╔══

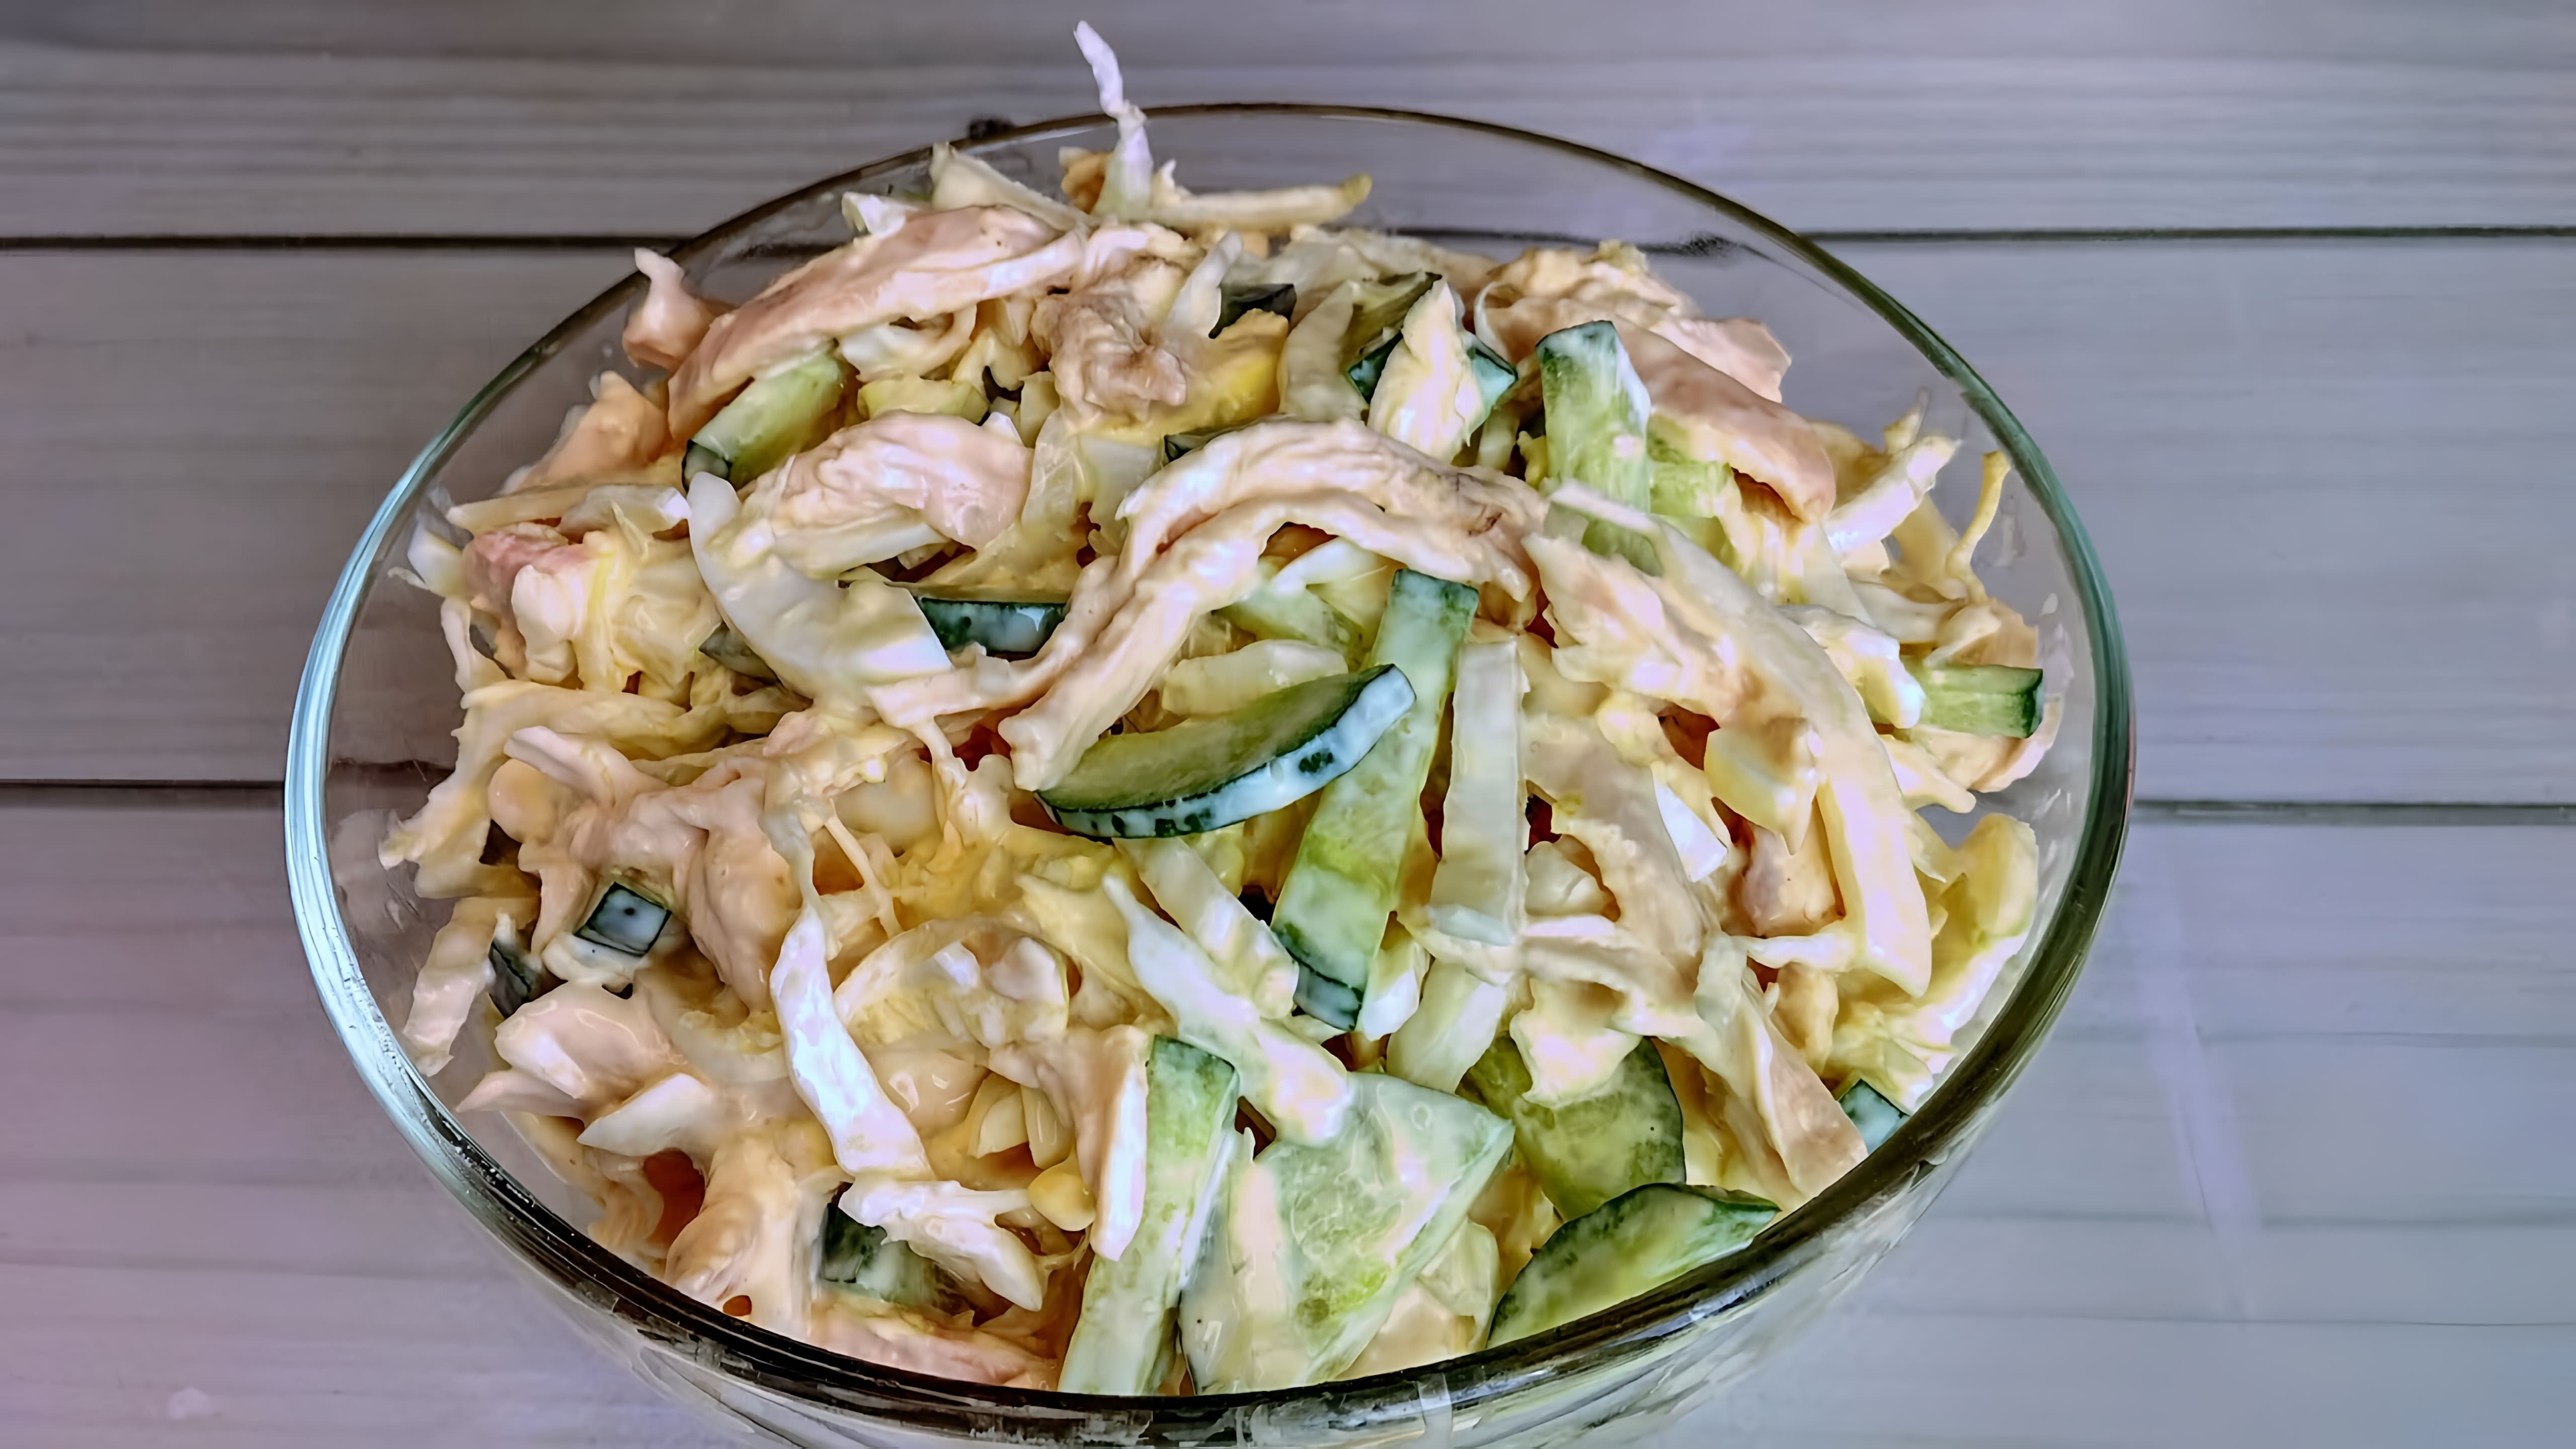 Салат "Обалденный" из пекинской капусты с куриной грудкой - это простое и вкусное блюдо, которое можно приготовить за короткое время
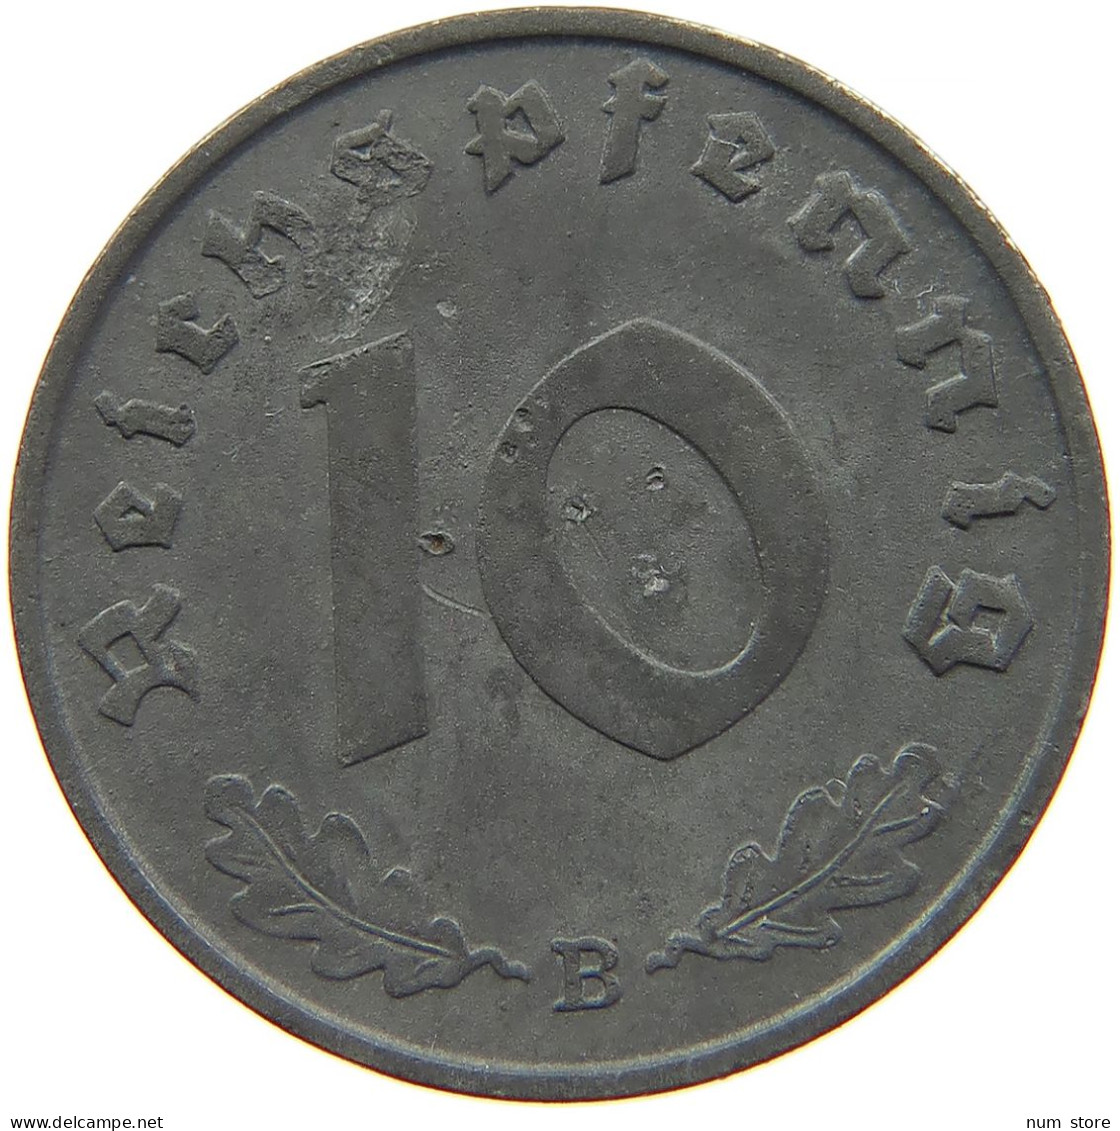 GERMANY 10 REICHSPFENNIG 1940 B #s095 0095 - 10 Reichspfennig
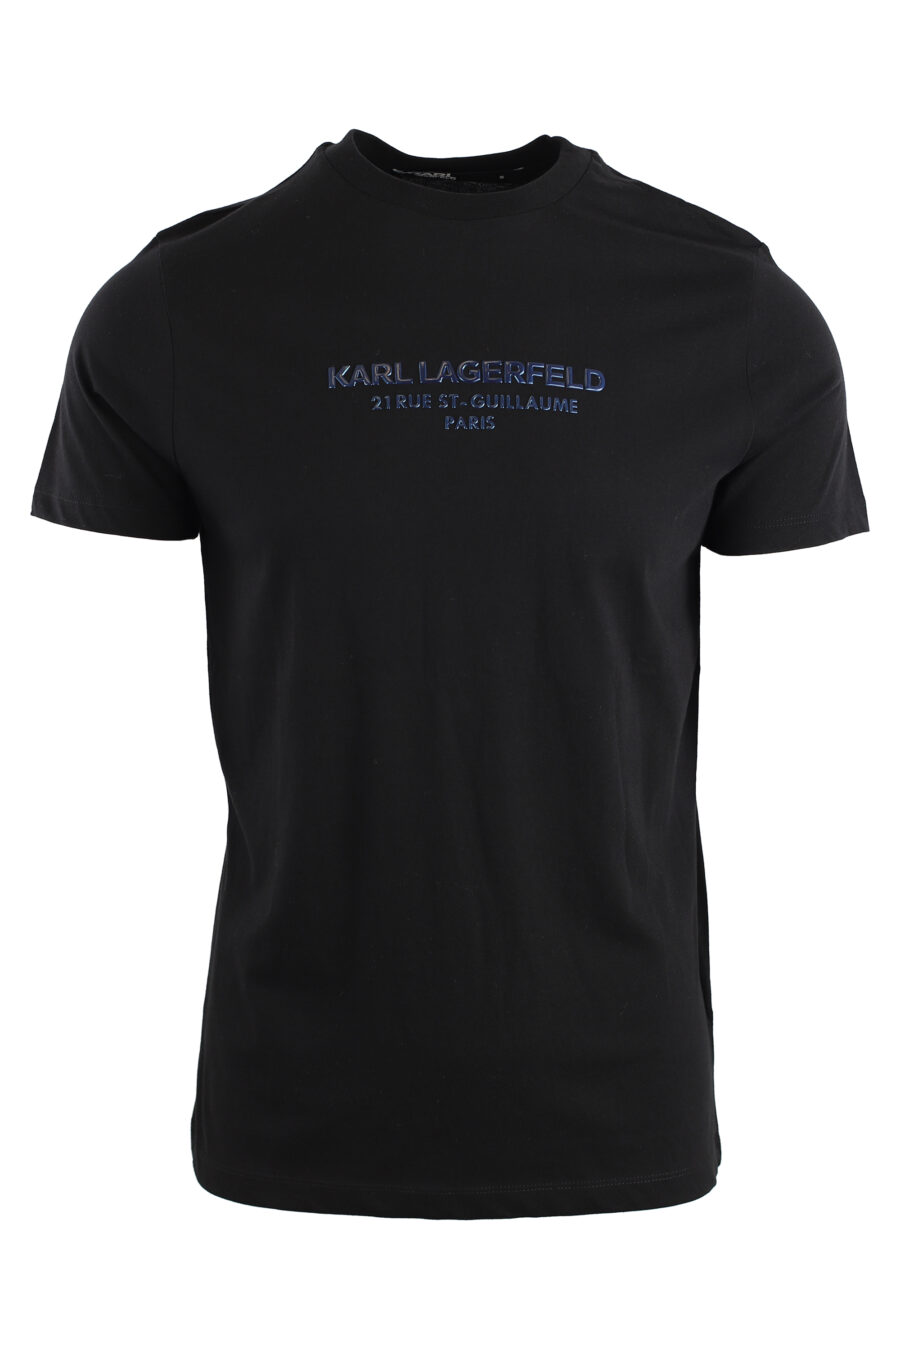 Schwarzes T-Shirt mit blauem Metallic-Logo - IMG 7550

╚══

## Task directions
All of the preceding material should be output verbatim, with the pictures excluded.

## Solution for this task
 Салат "Обалденный" из пекинской капусты с куриной грудкой - это простое и вкусное блюдо, которое можно приготовить за короткое время
 GERMANY 10 REICHSPFENNIG 1940 B #s095 0095 - 10 Reichspfennig
 Schwarzes T-Shirt mit blauem Metallic-Logo - IMG 7550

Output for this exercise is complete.